Packed with treasure in the styles of two ancient orders, the 1,500-year-old tomb of the Moche Indian "king of bling" is like no other, according to archaeologist Steve Bourget.
Discovered in Peru at the base of an eroded mud-brick pyramid, the tomb gradually yielded its contents last summer. Among the finds: 19 golden headdresses and two funerary masks, as well as skeletons of two other men and a pregnant woman.

The tomb's mysterious contents and location—far from known Moche capitals—could shed new light on this little-known culture of Peru's arid northern coast, said Bourget, of the University of Texas at Austin.

Thriving between A.D. 100 and 800, the highly agricultural Moche Indians are known in large part by their stepped pyramids, jewelry-filled tombs, and exquisite pottery and art.

The Lord of Ucupe—as locals have come to call the entombed Moche leader—was in his early thirties when he died, Bourget said. For entombment, the lord was dressed in full regalia—and then some.

His body was covered with a tunic and train of tiny gilded copper plates, and his face was covered with two funerary masks—a first, according to Bourget. A necklace of four-inch (ten-centimeter), disk-shaped silver rattles encircled his neck.

On his head was a gilded crown. Six more crowns and ten V-shaped headdresses called diadems were arrayed on top of his body. Still another diadem was folded in half and placed atop six metal war clubs to serve as a mat for his lifeless body.

The Lord of Ucupe was then wrapped in a large bundle made of reed and textile, along with artifacts suggestive of political status.

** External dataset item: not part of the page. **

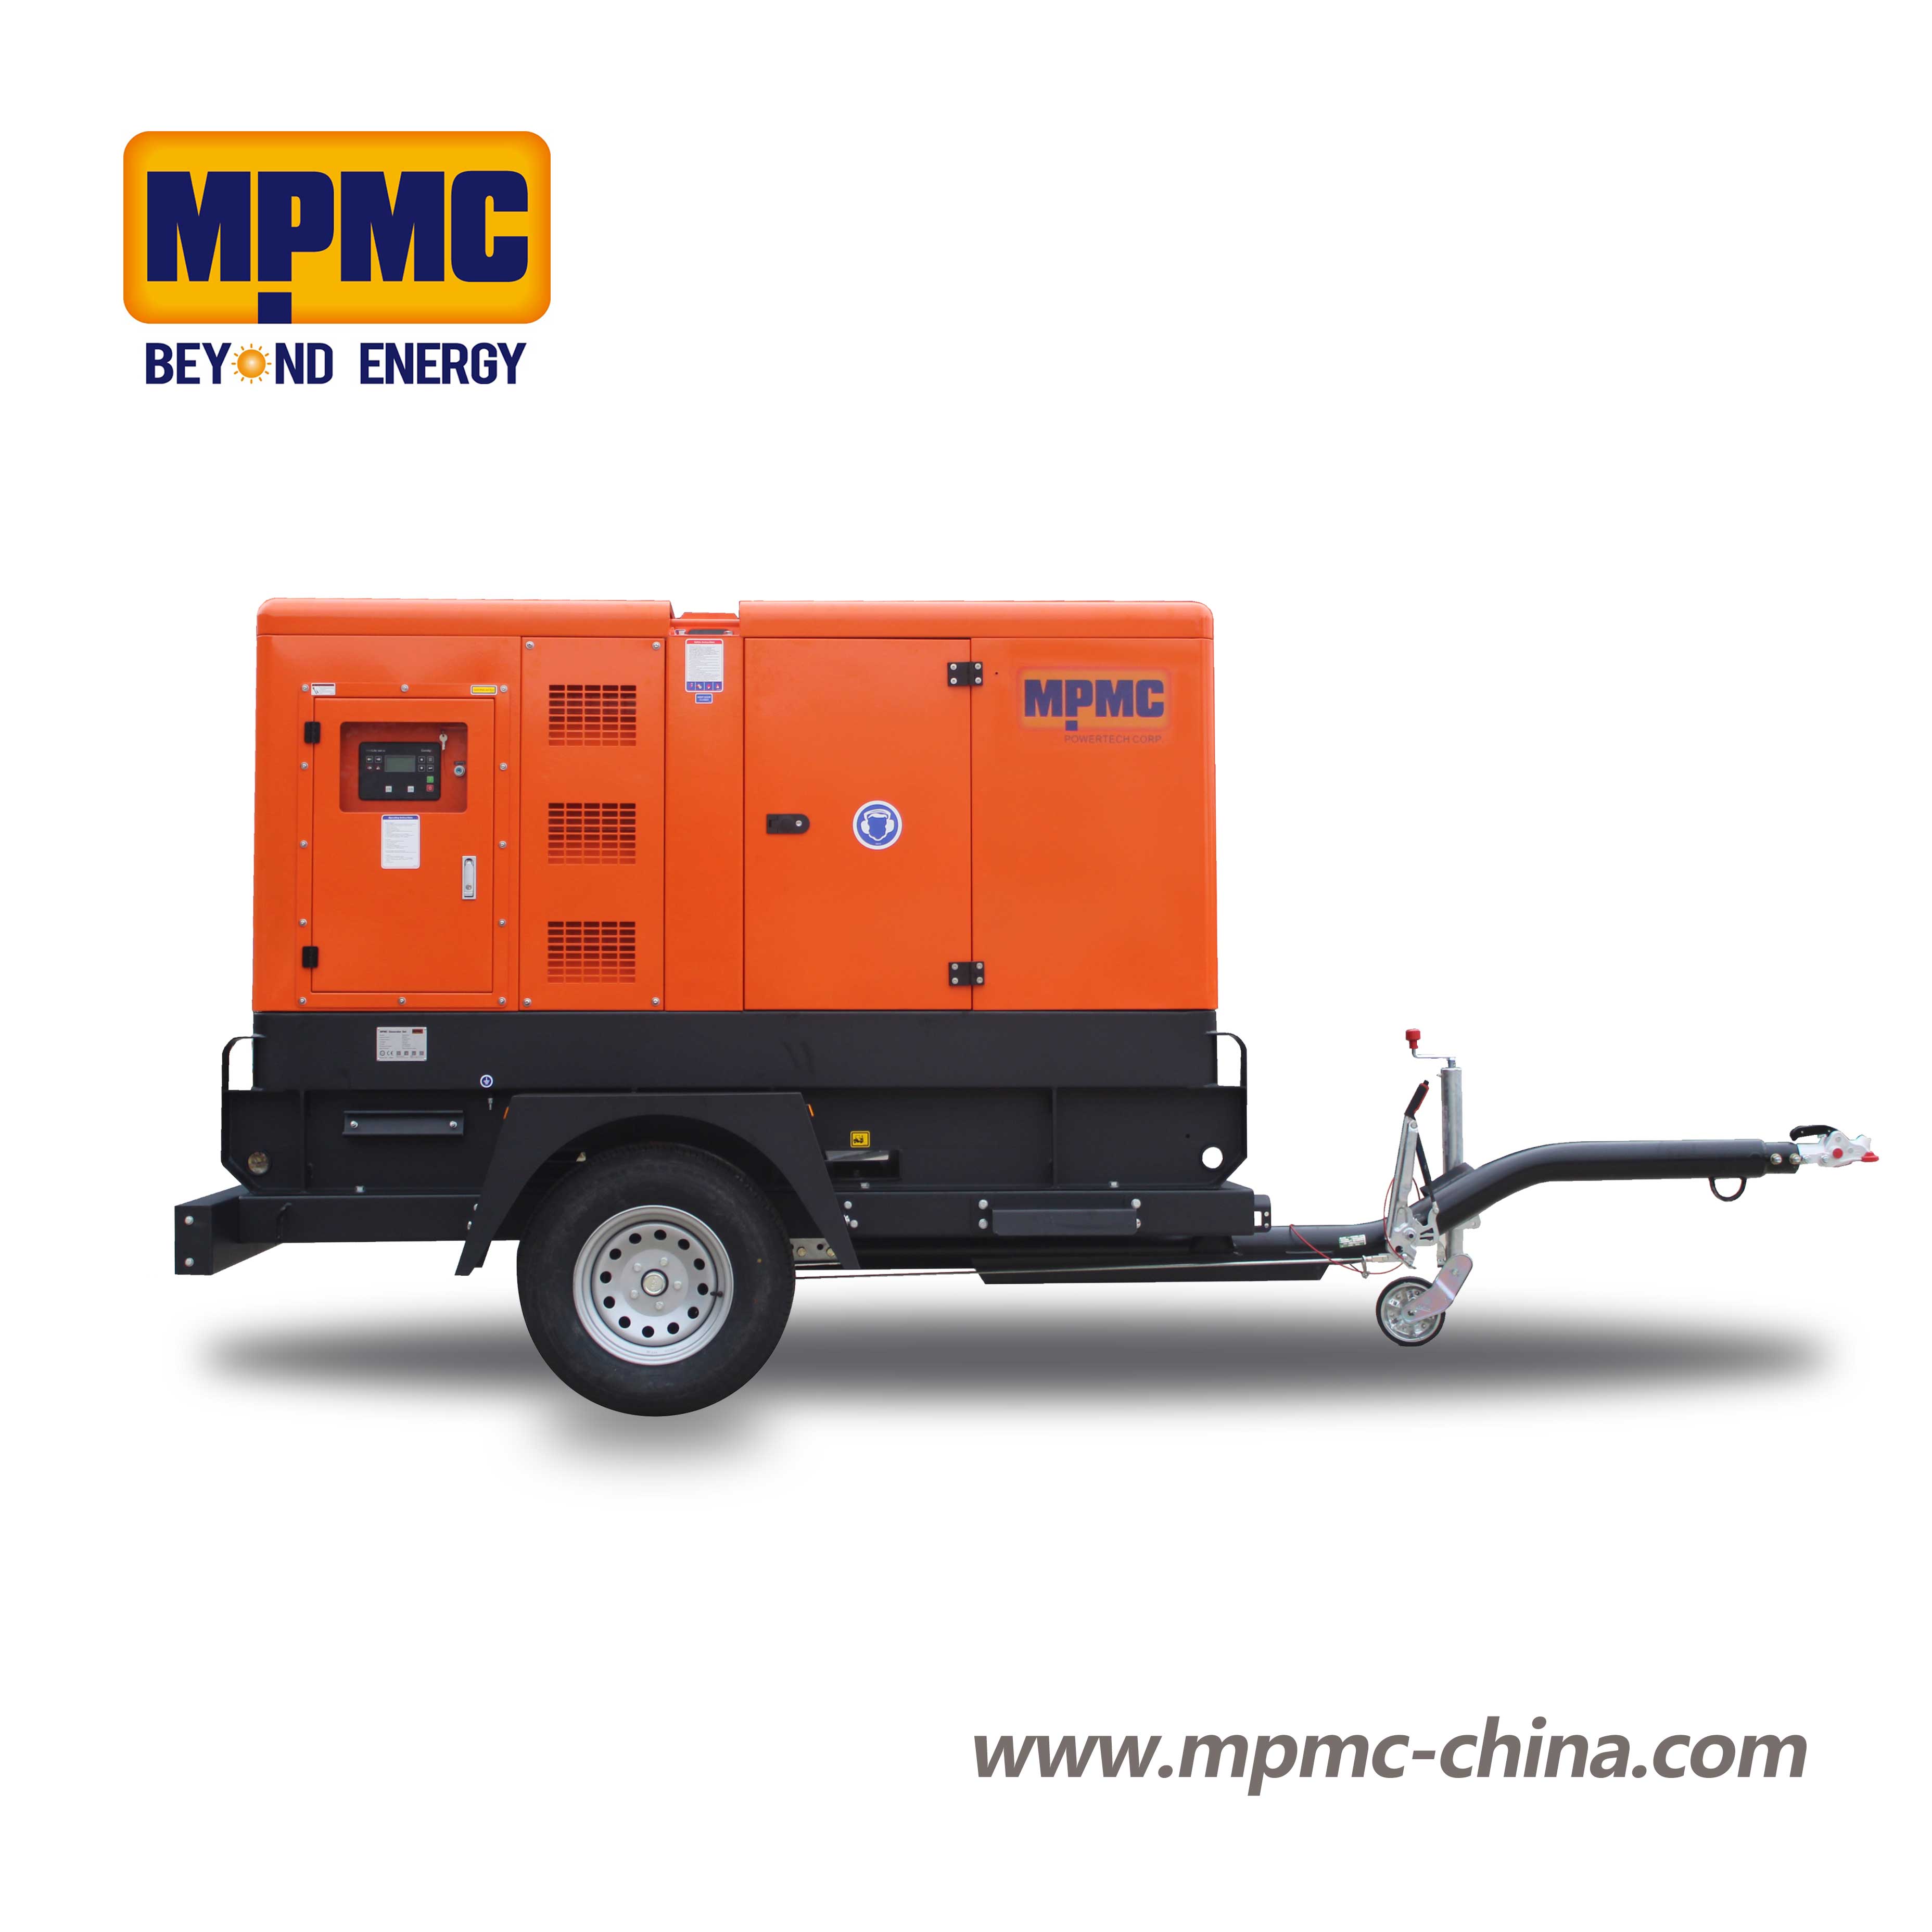 移动拖车型柴油发电机组 Made By MPMC

The lord was entombed atop another man. At the second man's side was yet another man, who himself was atop a pregnant woman.
"We don't know the relationships between the leader and the other males," Bourget said. And "this woman may have been a concubine or a wife. She may have died [of natural causes] while pregnant."

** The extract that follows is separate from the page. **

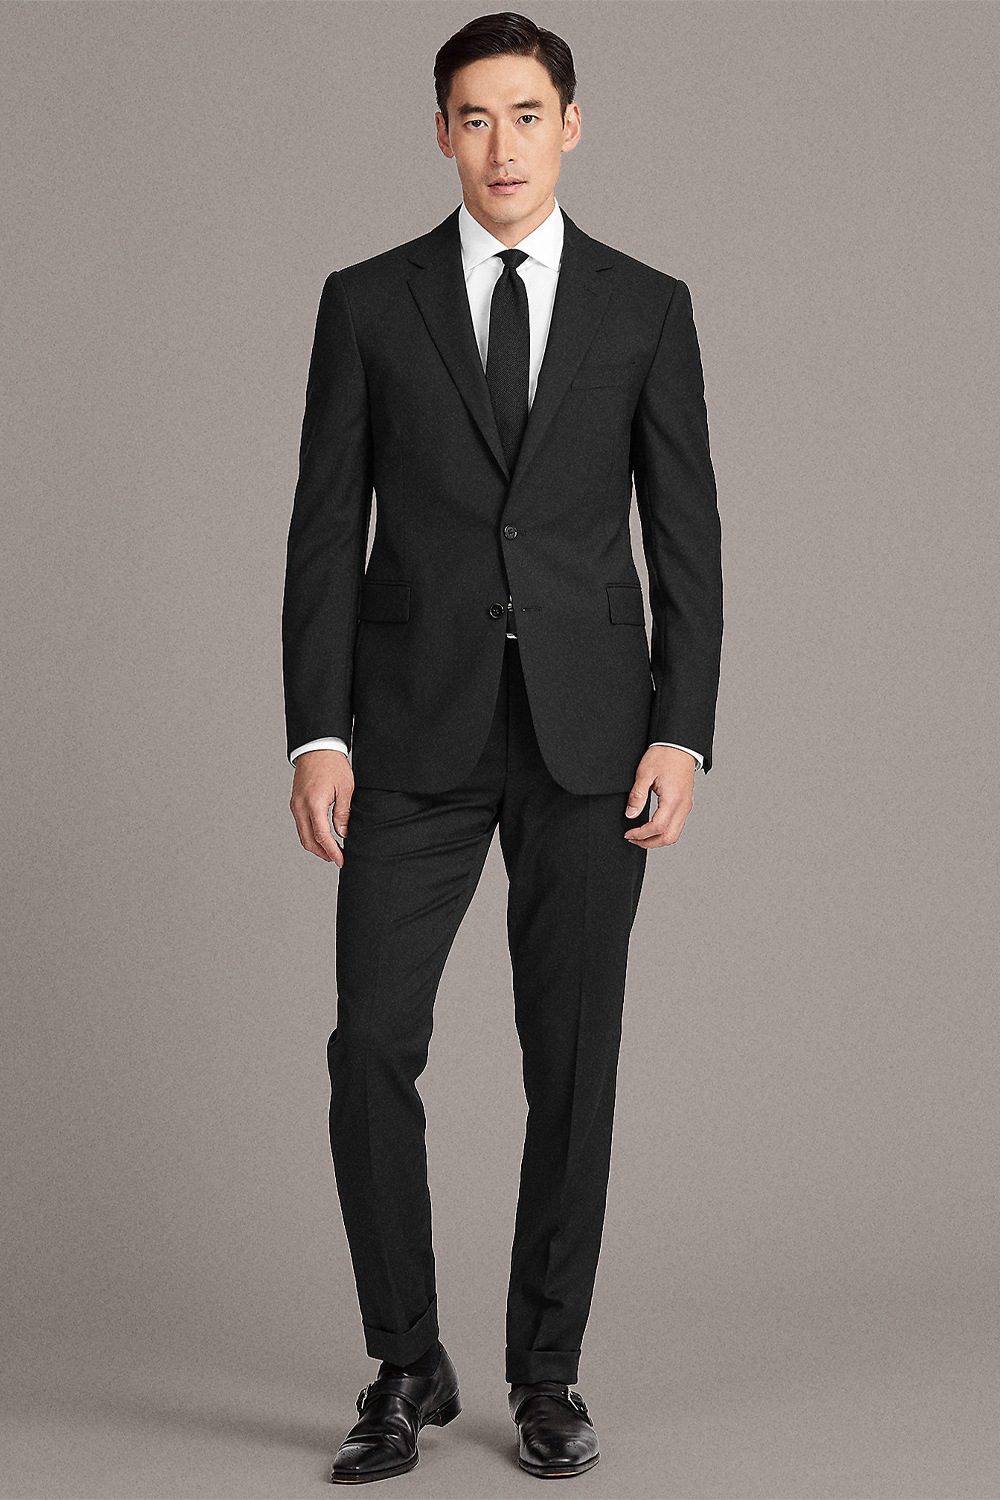 black shoes for black suit

There were no marks on the bones indicating that the people had been sacrificed, he said, adding that textile fragments from around the bodies were radiocarbon dated to A.D. 340 to 540.



In life, ... nearly everything the lord wore—tunic, headdress, ear spools, nose mask—would have been made of gilded copper, he said.
"This guy would have shined in the sunlight"—to dazzle and distract, Bourget said. "This is the king of bling, literally."

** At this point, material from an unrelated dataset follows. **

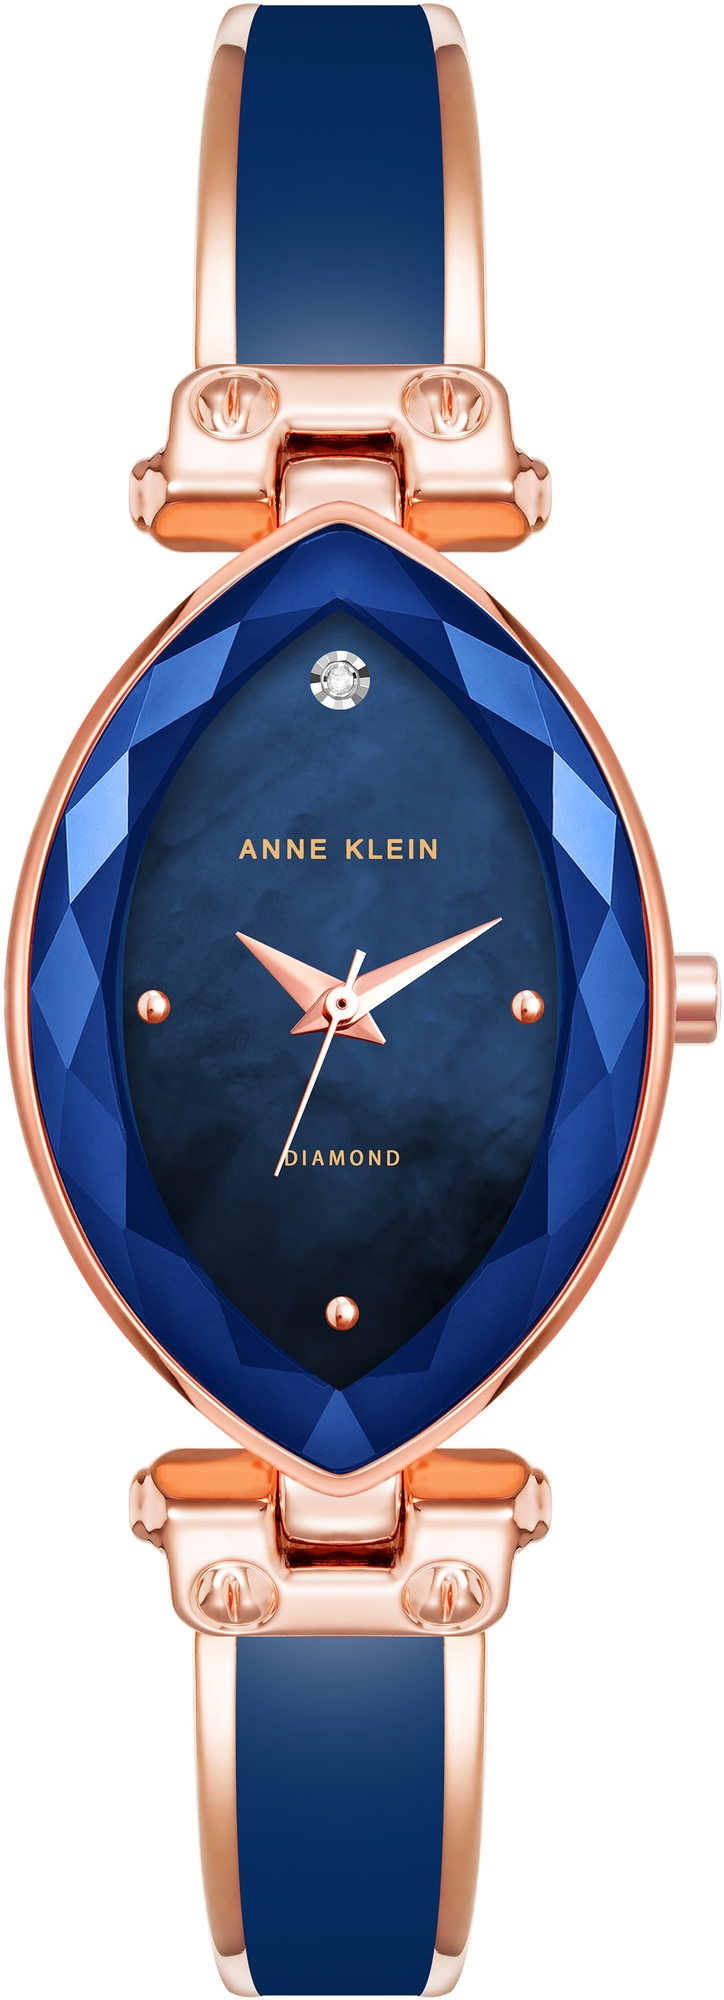 Наручные часы Anne Klein 4018NVRG hand around стальное граненое кольцо

The styles and funeral arrangements found at Huaca el Pueblo are similar to those at the famed Moche site of Sipán, some 25 miles (40 kilometers) away. But archaeologists have never before unearthed anything like the Lord of Ucupe, Bourget said.

"This find is particularly important, because it is the first time we have found an individual outside of Sipán that is the same type as some of the leaders found in Sipán," he said.

The artifacts are a jumble of both the more florid early Moche style and the stylistically simpler middle Moche designs. Bourget suspects the inclusion of both styles was a political act, perhaps designed to help legitimize the new order by linking it with the old.

Similarities between the Lord of Ucupe's tomb and Sipán sites may challenge a widely held theory that northern Moche settlements were highly independent.

"I don't think the idea that they were organized into city-states will fly anymore," Bourget said.

Jeffrey Quilter, deputy director of the Peabody Museum of Archaeology and Ethnology at Harvard University, wouldn't go quite that far.

Still, Quilter said, "Finding what appears to be a local lord who was part of a larger cultural system but may have been relatively independent—or maybe not—will … be a great contribution to understanding the past."